### Assigned task
Repeat each line of the material below exactly as it appears, minus any pictures.

### Given material
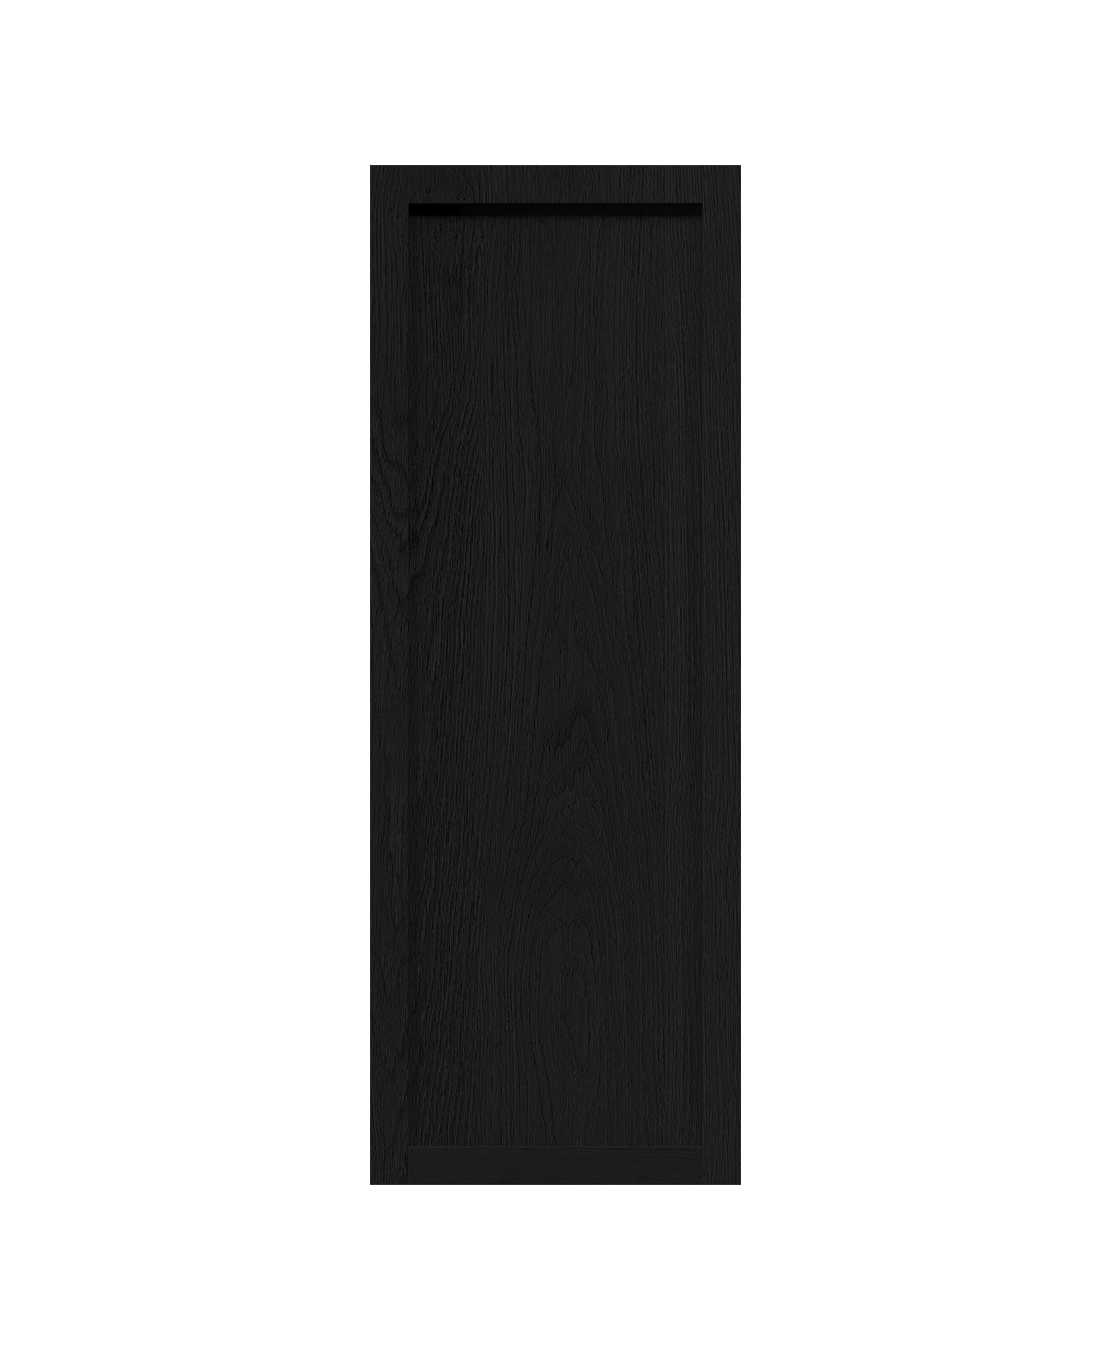 Coquo modular open upper cabinet in black stained oak with two wood shelves.
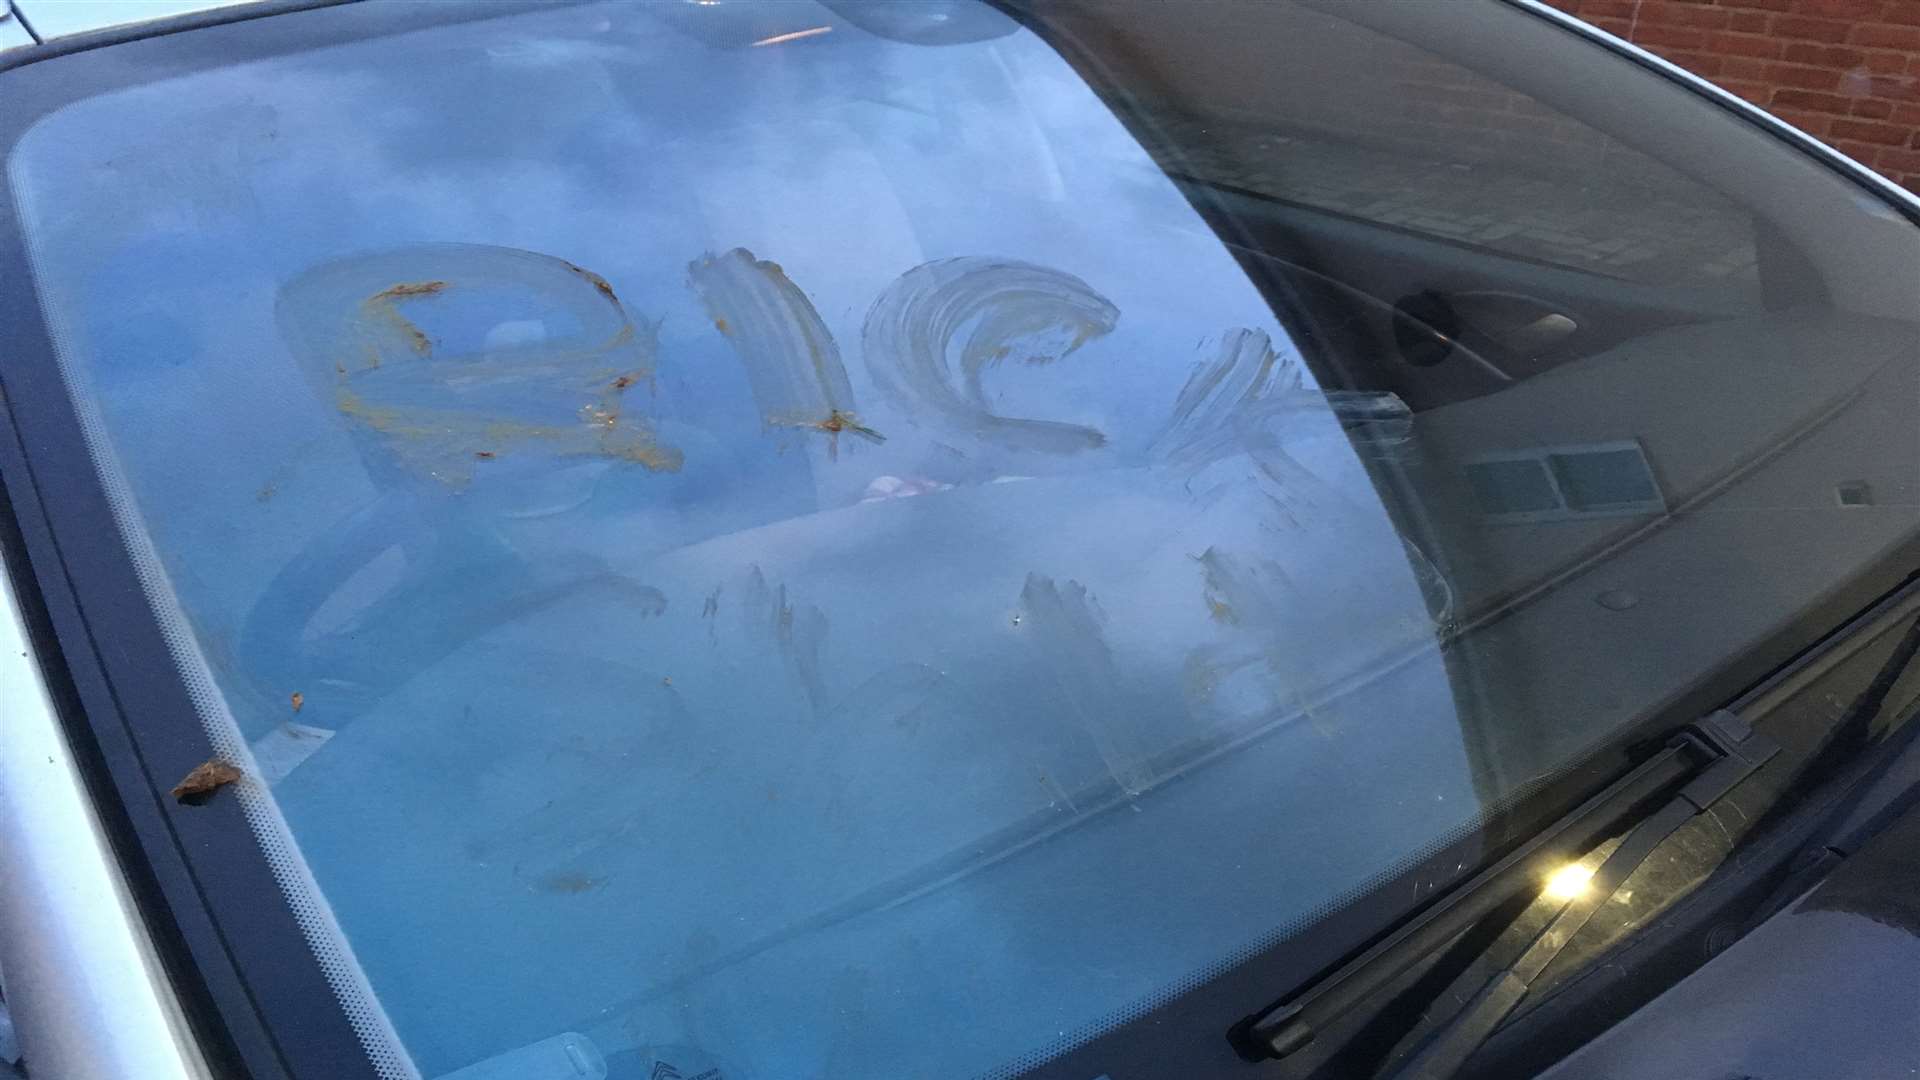 A message reminding the woman to pick up the mess was scribed on her car
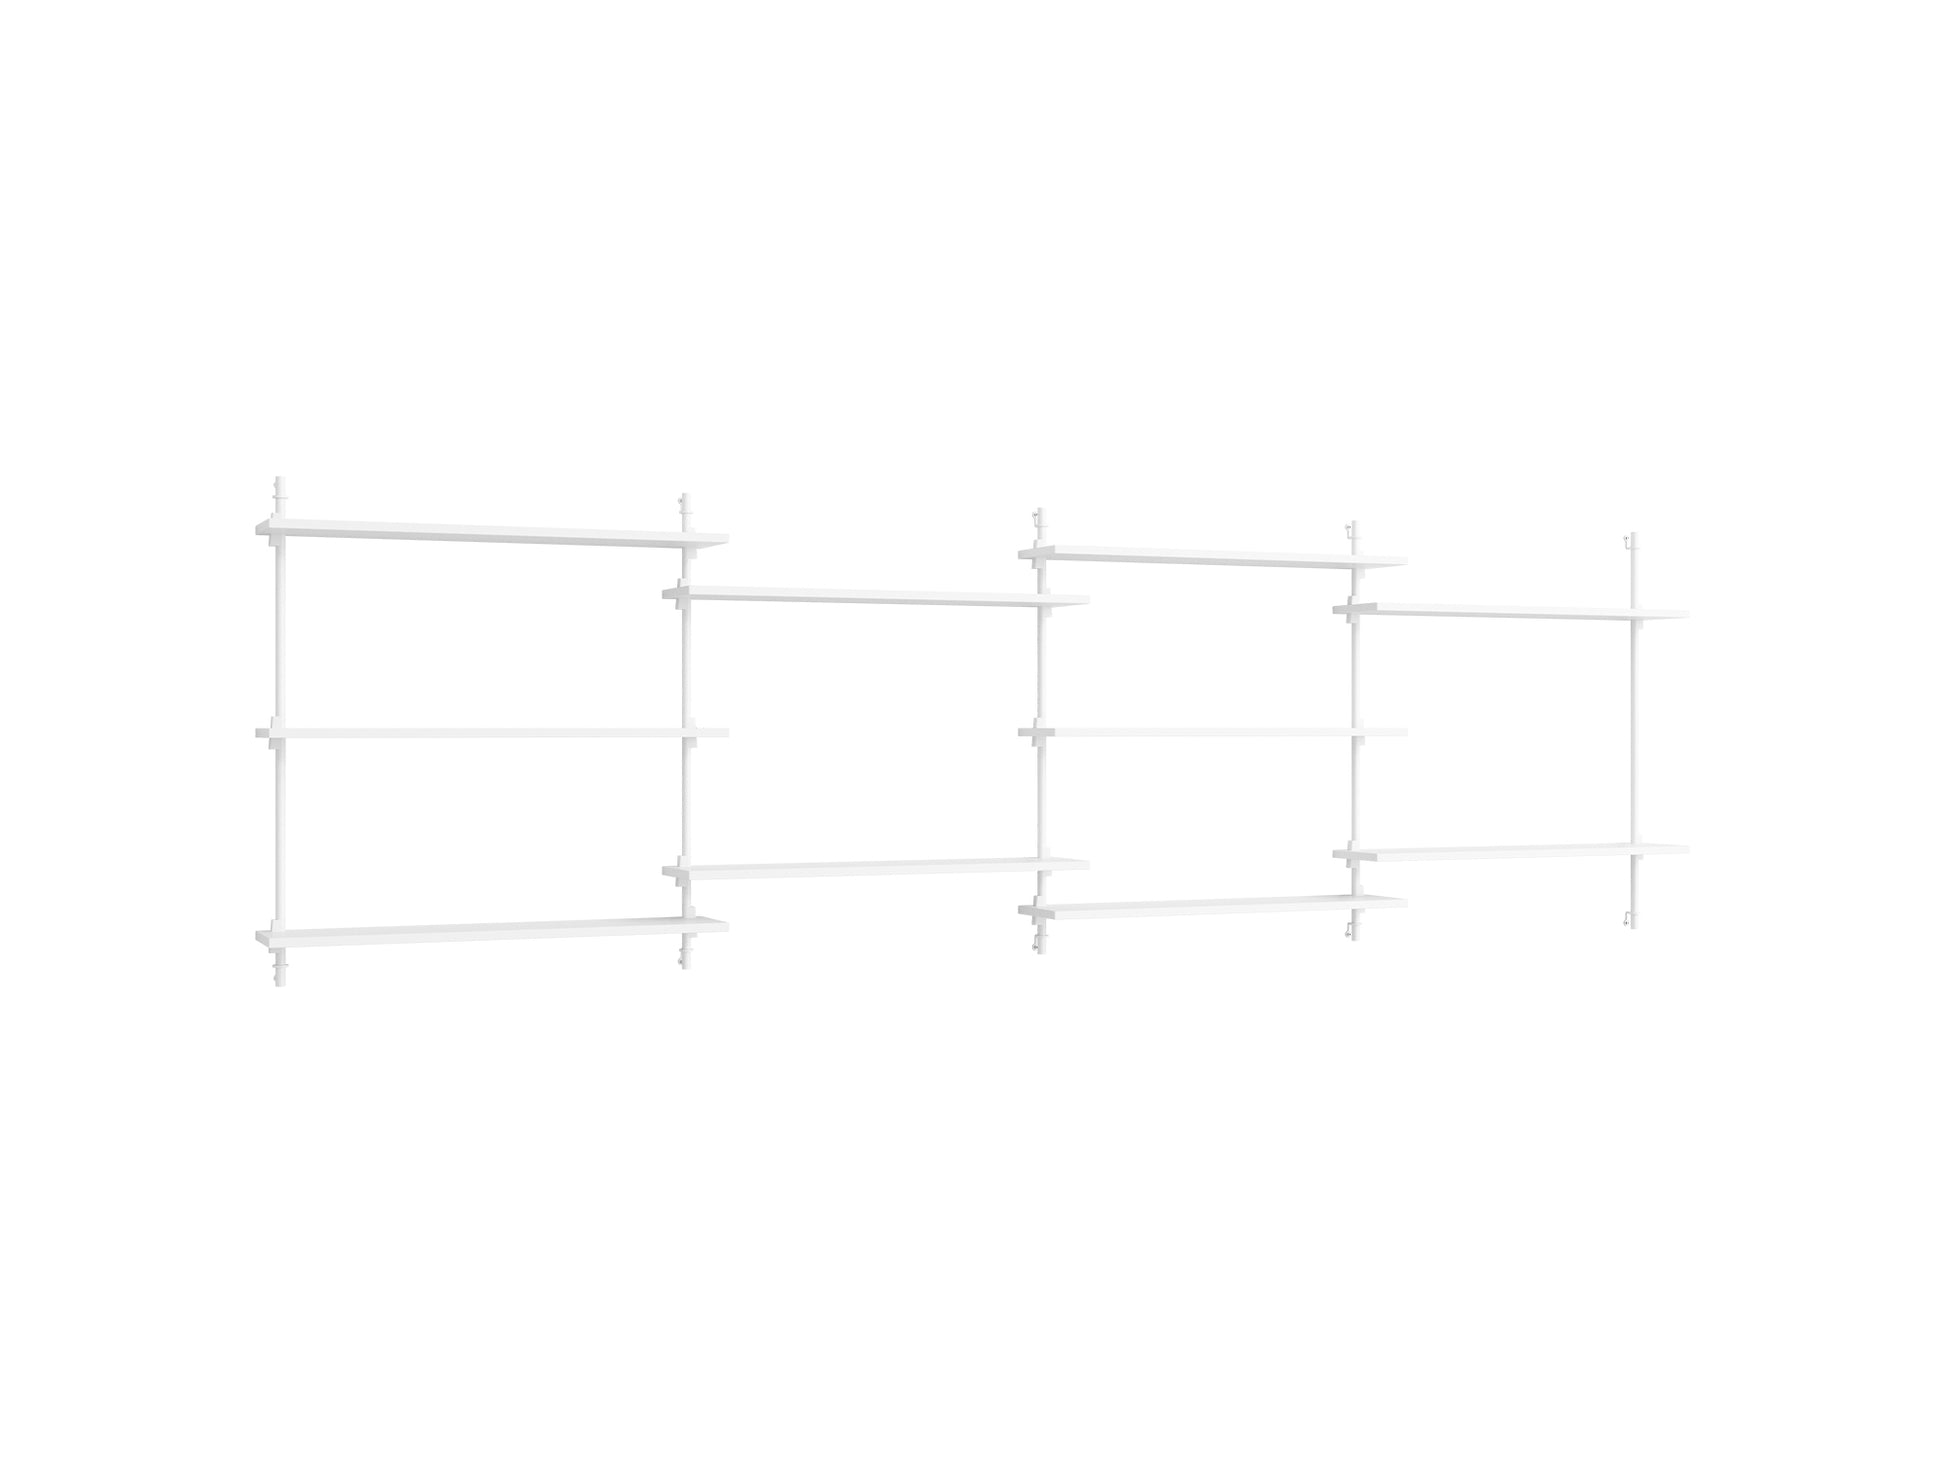 Wall Shelving System Sets (85 cm) by Moebe - WS.85.4 / White Uprights / White Painted Oak

### Answer box
 Coquo modular open upper cabinet in black stained oak with two wood shelves.
 A message reminding the woman to pick up the mess was scribed on her car
 Wall Shelving System Sets (85 cm) by Moebe - WS.85.4 / White Uprights / White Painted Oak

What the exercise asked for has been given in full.